--- Source material ---

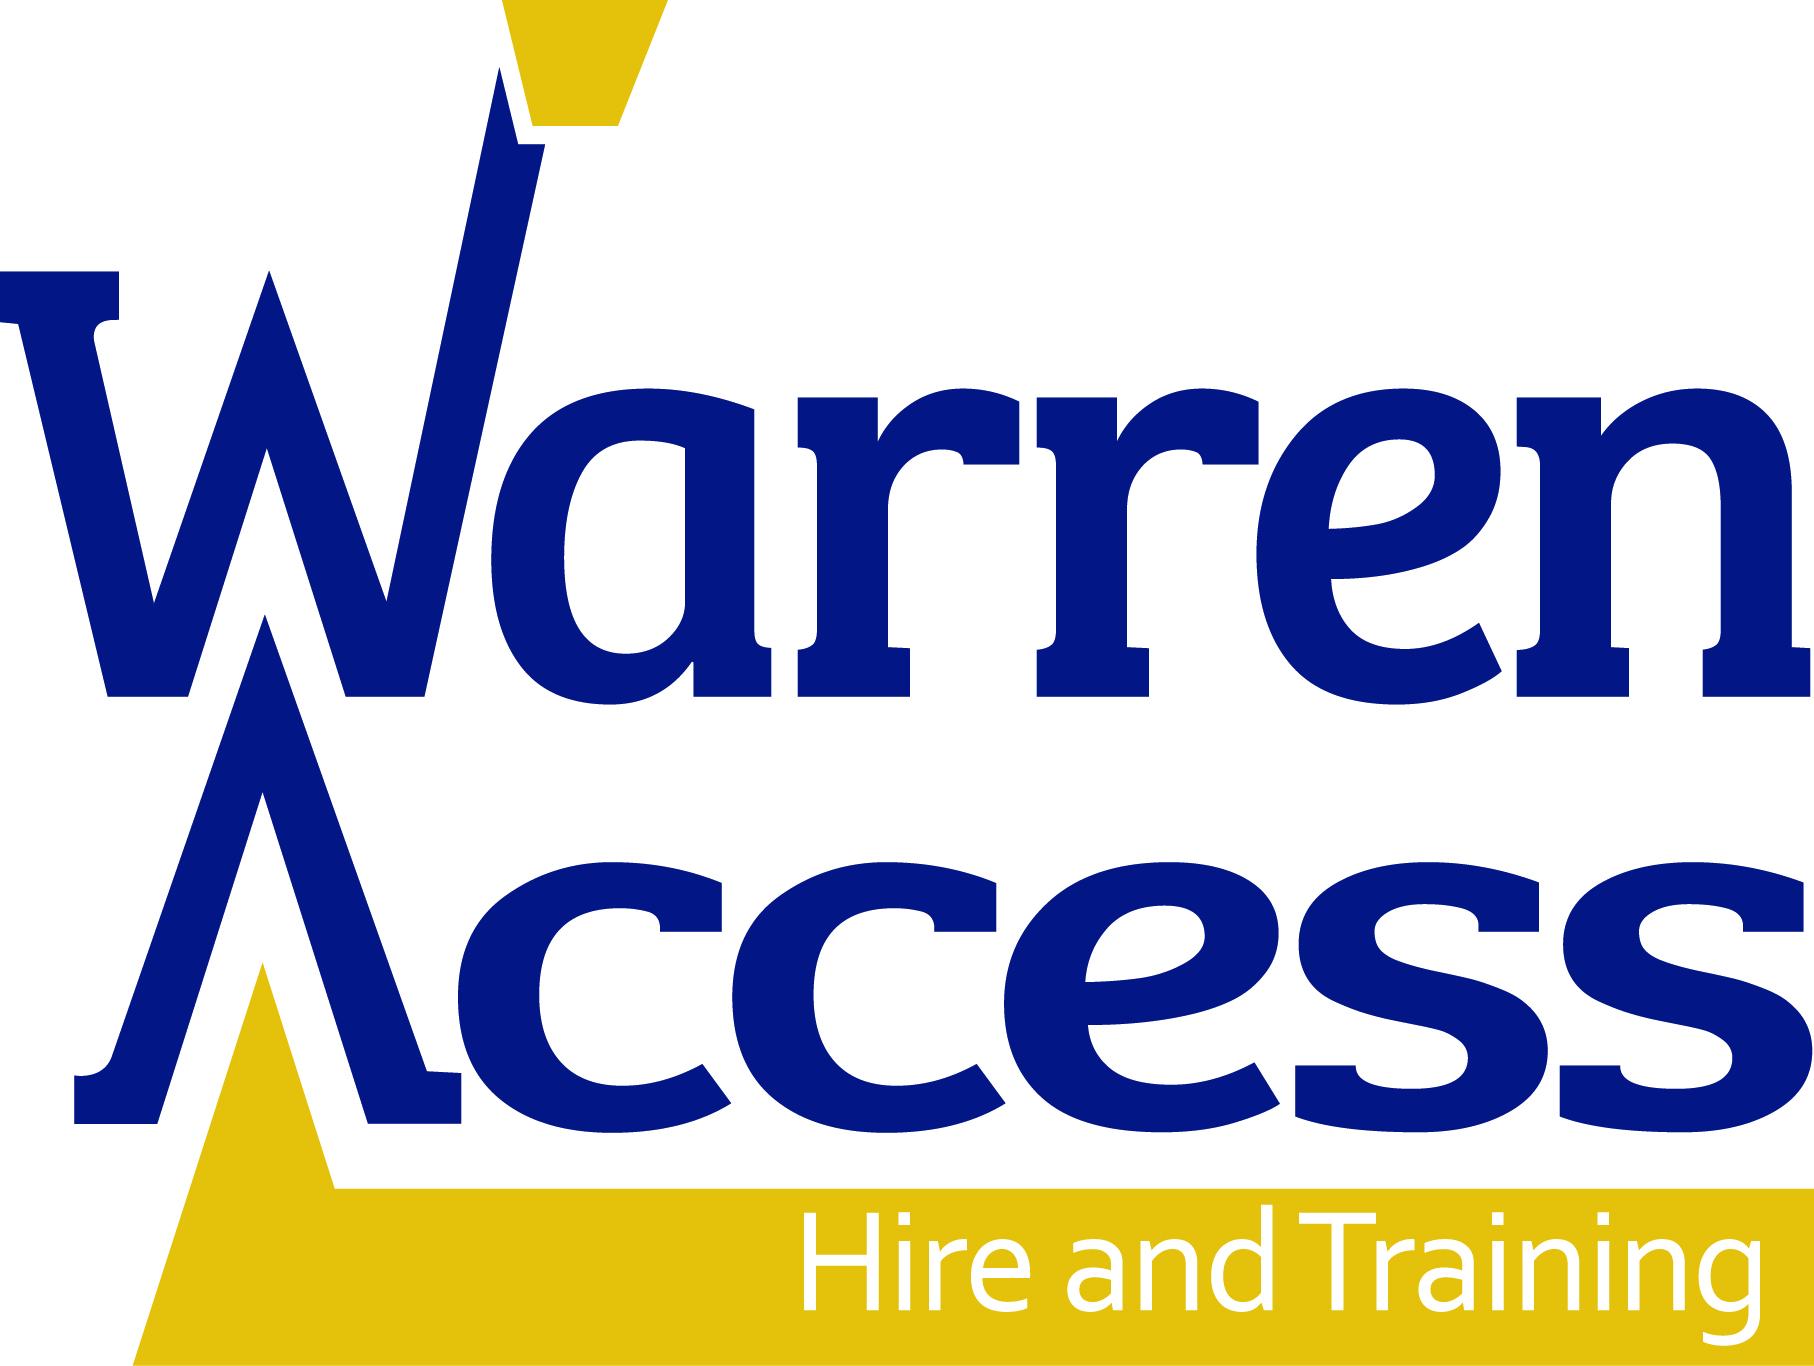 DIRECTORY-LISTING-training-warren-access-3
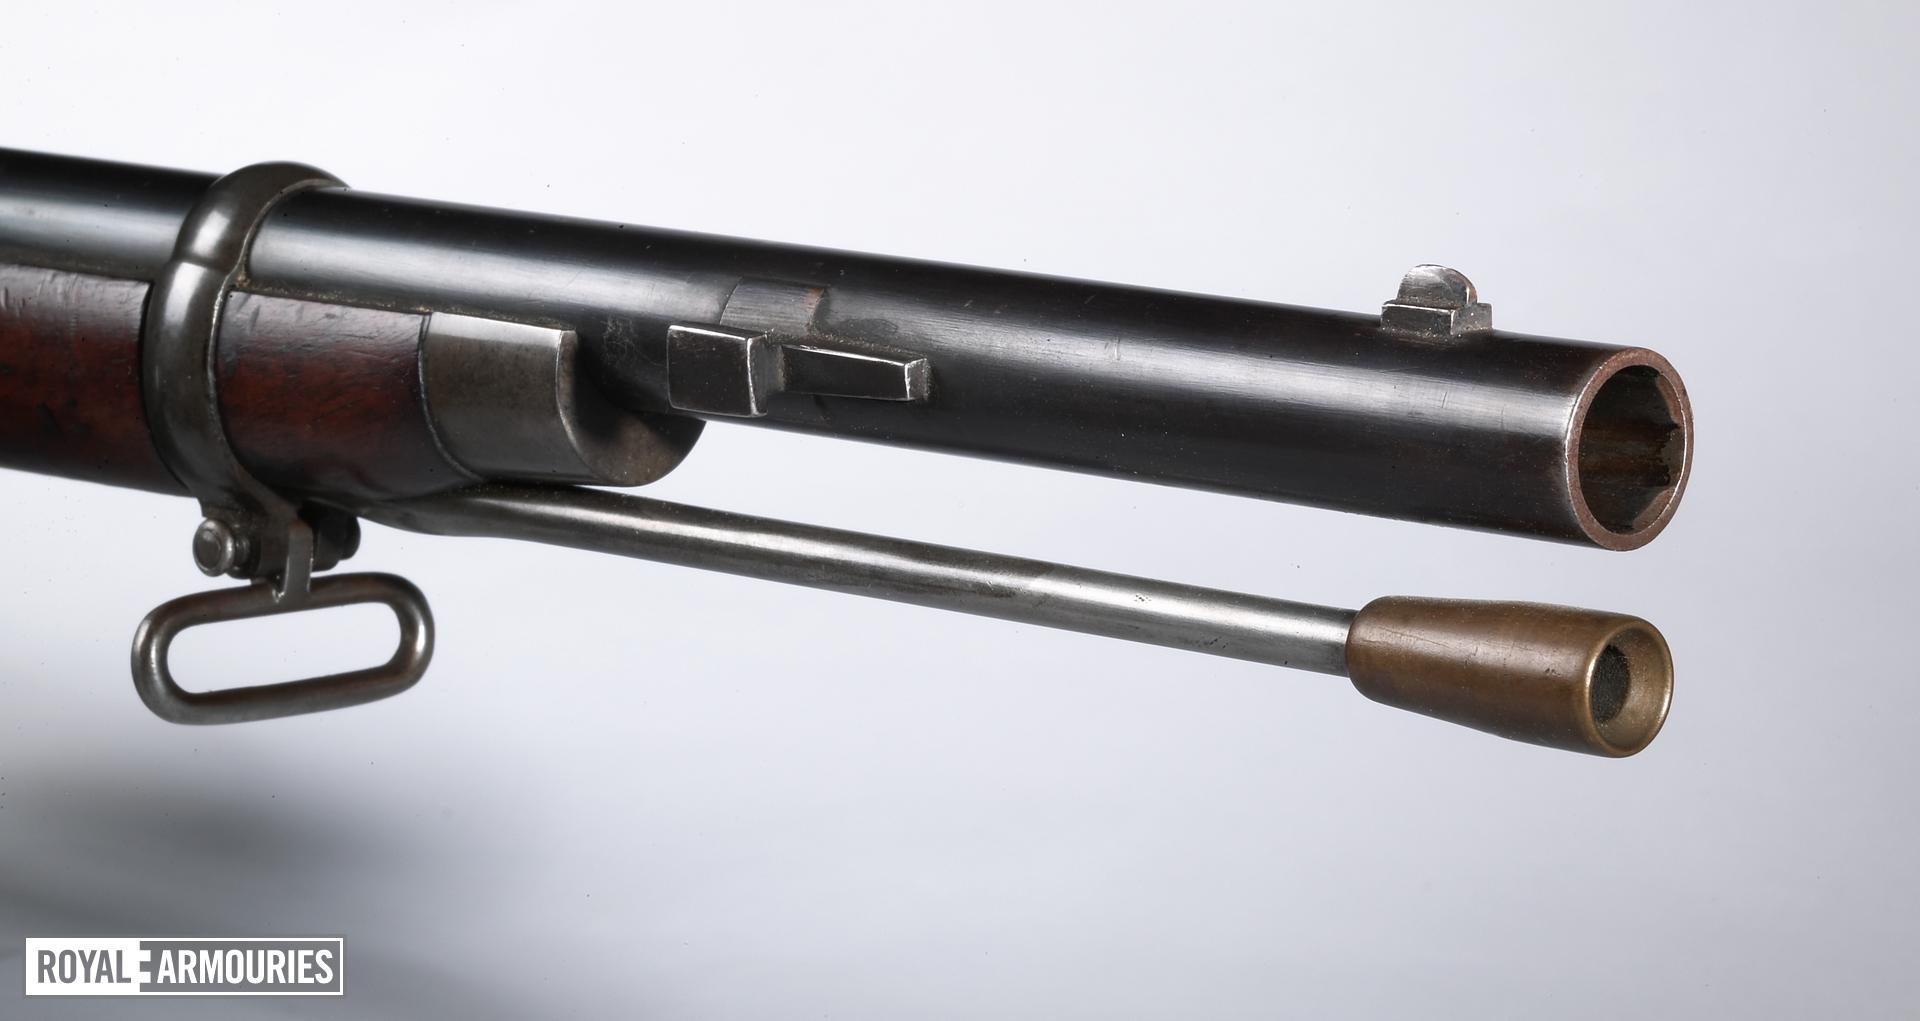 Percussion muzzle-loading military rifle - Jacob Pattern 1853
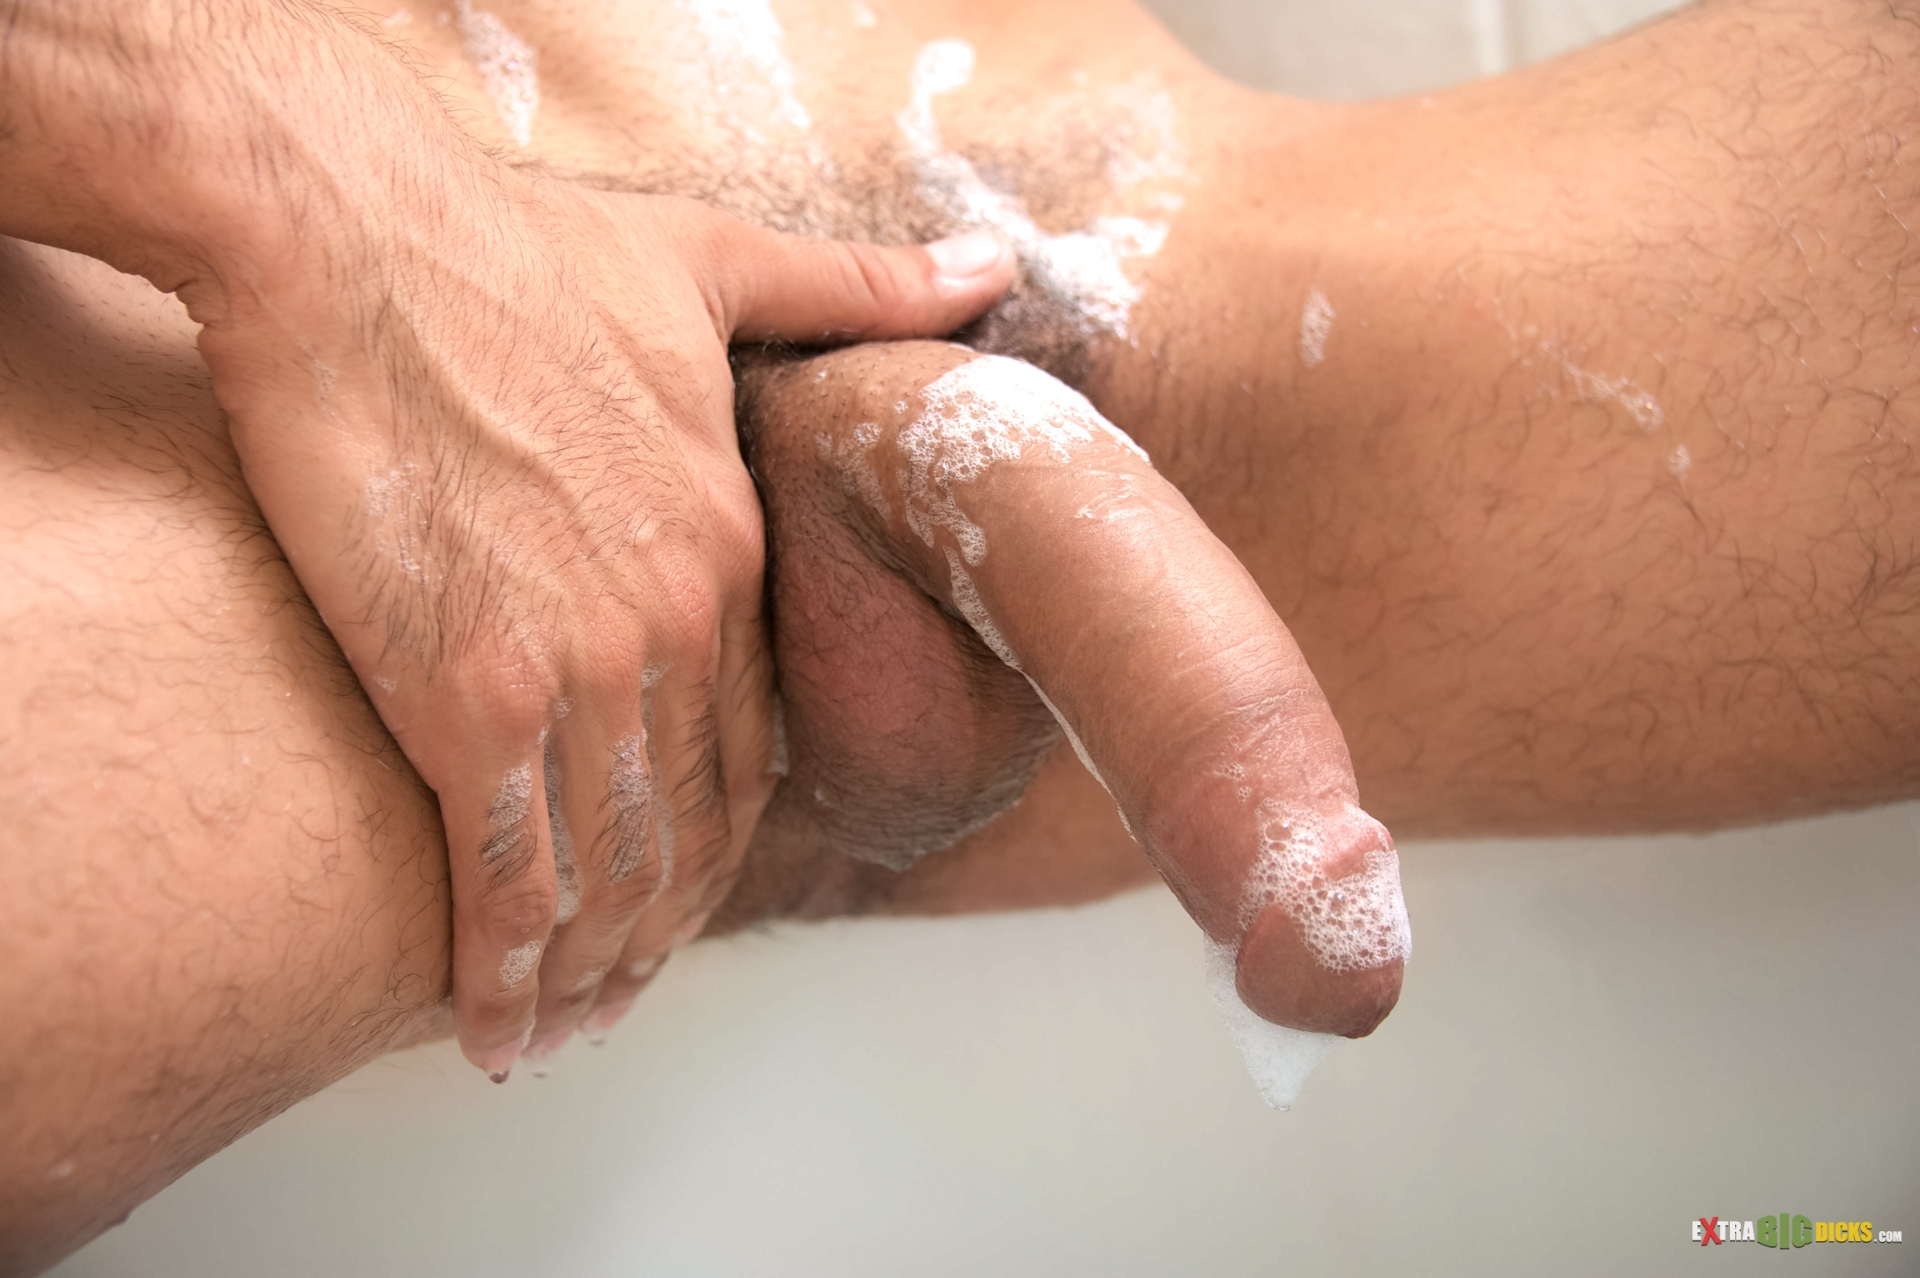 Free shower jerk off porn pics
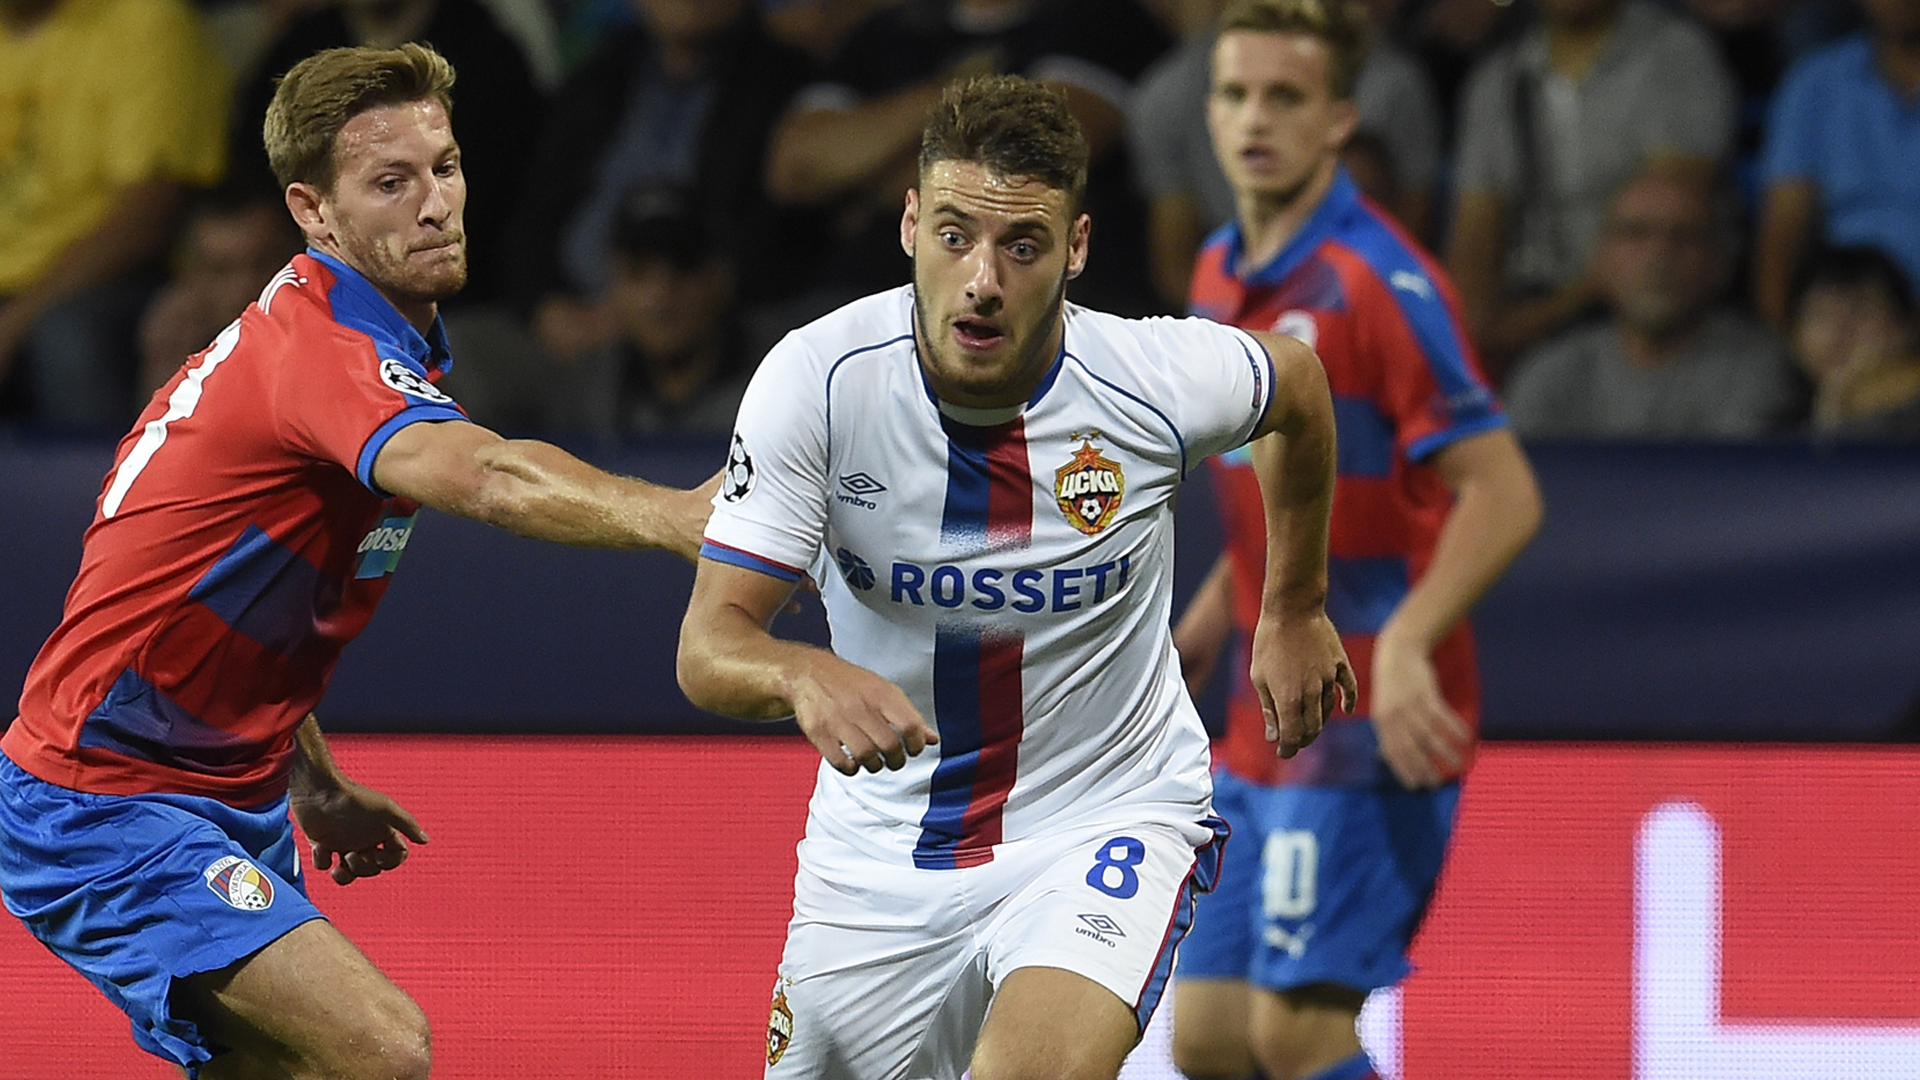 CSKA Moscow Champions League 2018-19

---

• What to do: Transcribe all the lines above exactly; any image among them is skipped.

• Answer:
 DIRECTORY-LISTING-training-warren-access-3
 Percussion muzzle-loading military rifle - Jacob Pattern 1853
 Free shower jerk off porn pics
 CSKA Moscow Champions League 2018-19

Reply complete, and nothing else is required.